News / Calgary

Anti-Islam graffiti appears days before Calgary mosque open house

The incident is the third in recent months that appears to target Calgary’s Muslim community

Shima Safwat, founder and CEO of One Nation Foundation, encourages non-Muslims to ask questions about her faith.

Elizabeth Cameron/For Metro

Shima Safwat, founder and CEO of One Nation Foundation, encourages non-Muslims to ask questions about her faith.

A burned Qur-an.
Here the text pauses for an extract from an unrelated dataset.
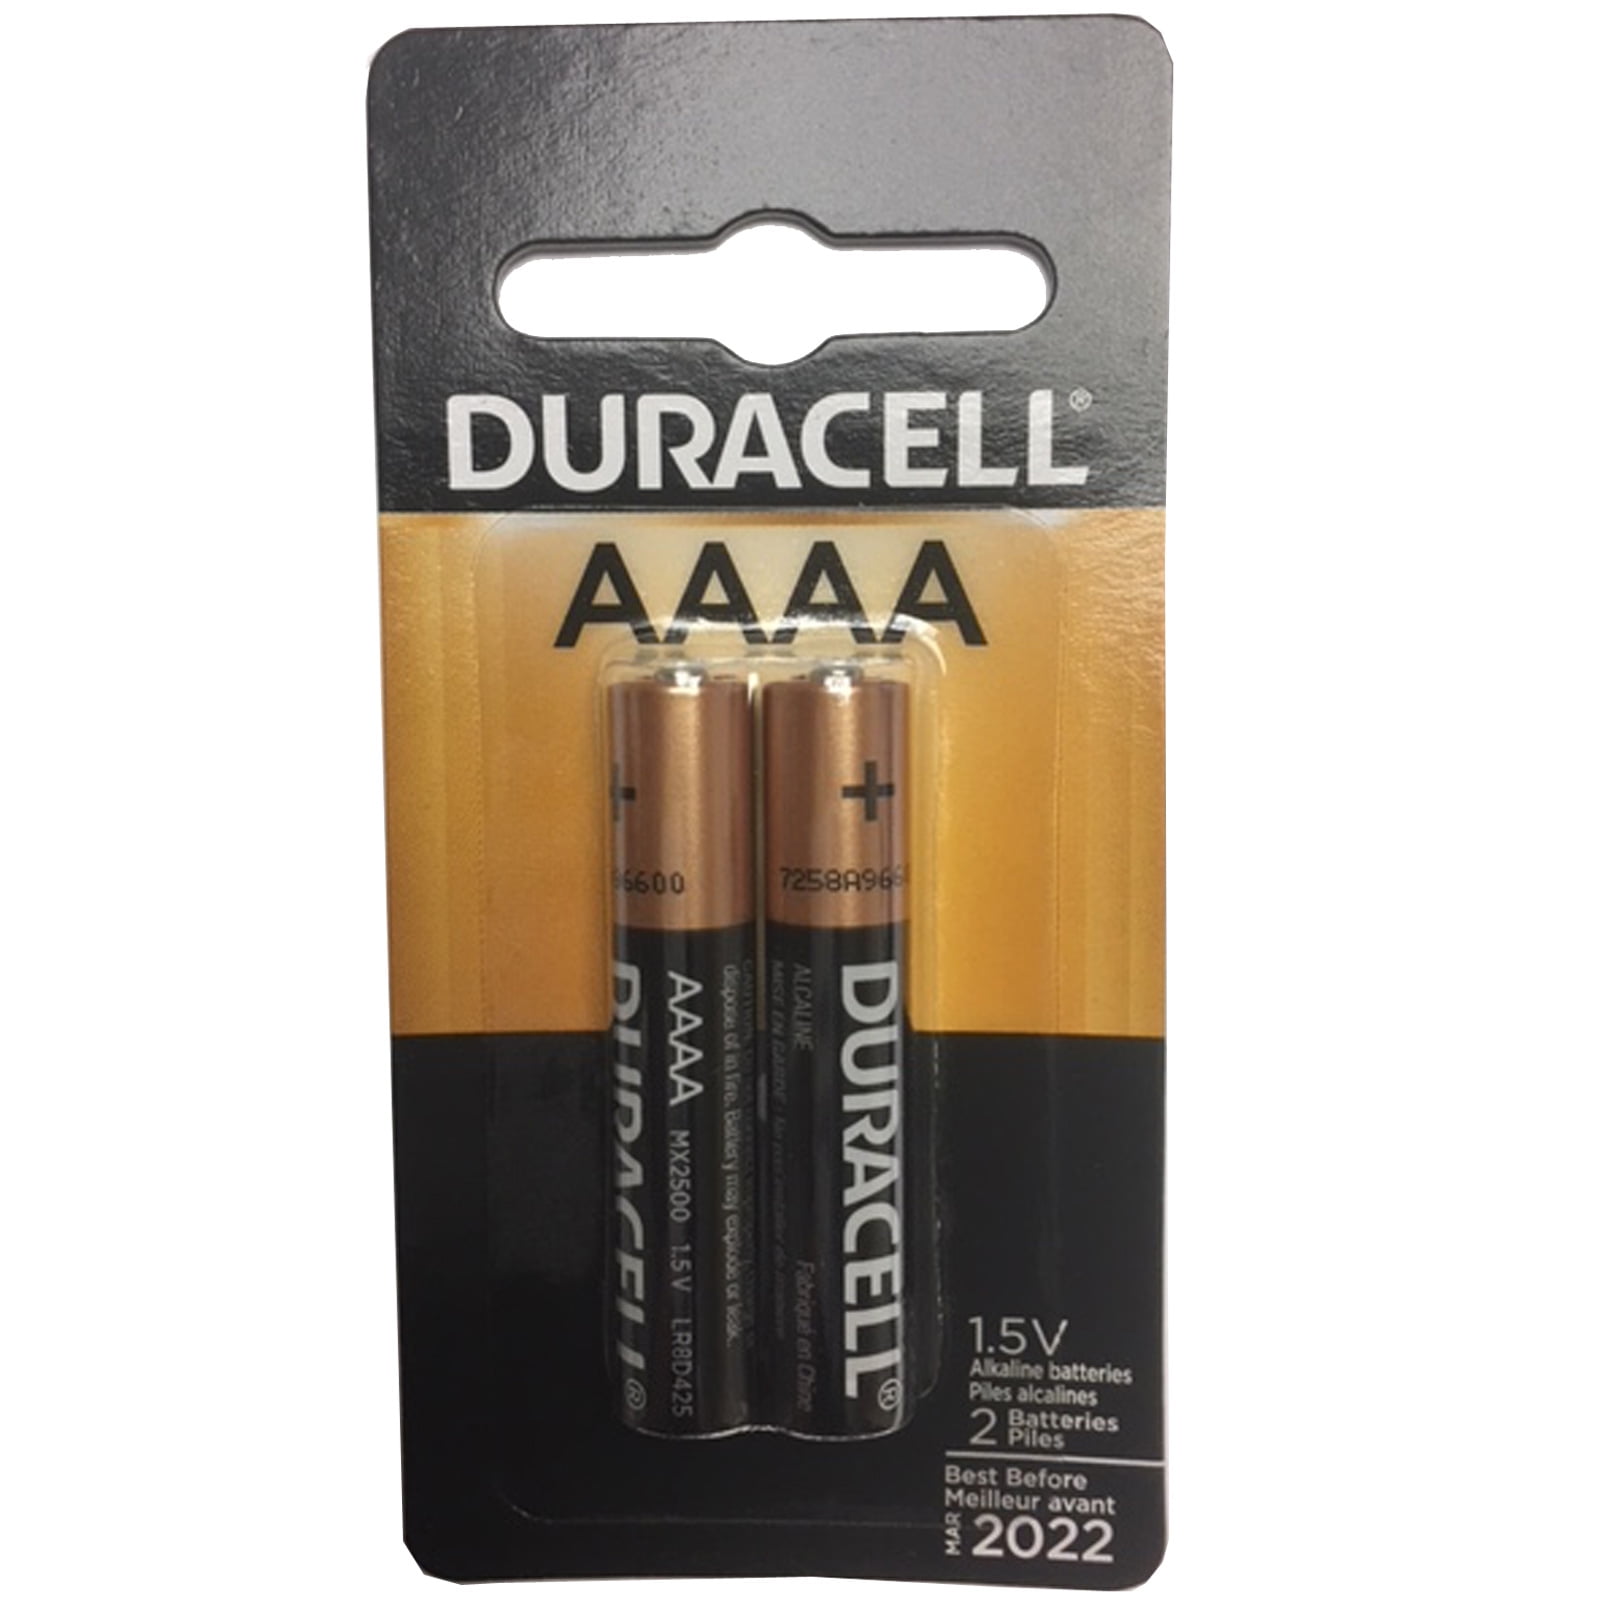 Duracell Ultra AAAA Alkaline Battery 1.5V LR8D425, E96

A smashed glass door.

This weekend, it was anti-Islam graffiti that showed up on a playground near a Ranchlands Mosque, days before the Muslim Association of Canada’s Calgary Chapter hosted an open house for their non-Muslim neighbours.
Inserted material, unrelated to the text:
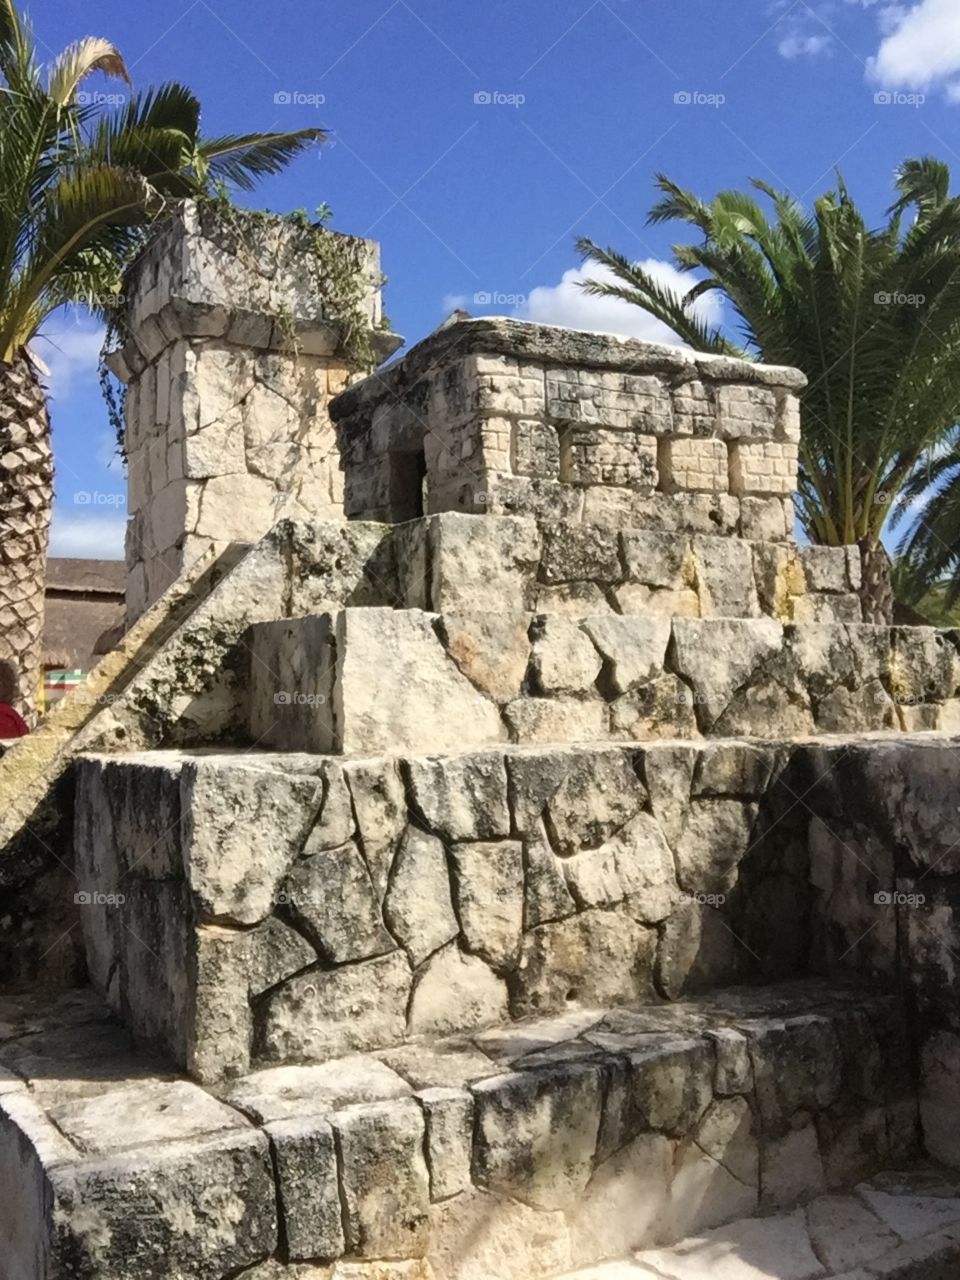 Statue in Cozumel

It’s third incident in Calgary within the past year that appears to target Muslims.

“Everyone feels it’s very un-Calgarian,” said Shima Safwat, founder and CEO of One Nation Foundation, which aims to connect Muslims and non-Muslims through events and activities.

The Al-Salam Centre in northwest Calgary organized Sunday’s open house to give non-Muslims a chance to ask frank and honest questions about Islam – something Safwat said needs to happen more often.

“Muslims are your friends and neighbours, they want to have a good relationship with the community,” she said.

“Sometimes I feel there are so many barriers between Muslims and non-Muslims because we are not connected that much, and people are afraid to ask about our religion.”

As a Muslim woman, Hana Kadri said she invites questions about her faith. The most common query she gets is about the hijab or niqab.

“Women choose whatever is comfortable for them, it really comes down to personal choice,” she explained, cloaked in a niqab covering everything but her eyes.

“I wear the niqab because I wanted to do more (to follow the prophet),” she said. “Some women feel it’s enough to wear the hijab.”

After wearing a hijab for many years, Kadri said she “didn’t think twice” about how non-Muslim Canadians would react when she decided to up her modesty game and don a niqab.

“It shows who I am – it’s not like I shy away from being Muslim,” Kadri said, laughing.

“Obviously if you’re wearing something in public, you want to be known.”

Kadri said it’s a matter of pride for Muslim women, including herself.

“(The women are) doing it out of their own choice – give them the respect that they’re doing it because they understand it and they want to do it. Why label them as oppressed?” she said.

“If you don’t know about something, learn about it. Don’t fear it,” she adds.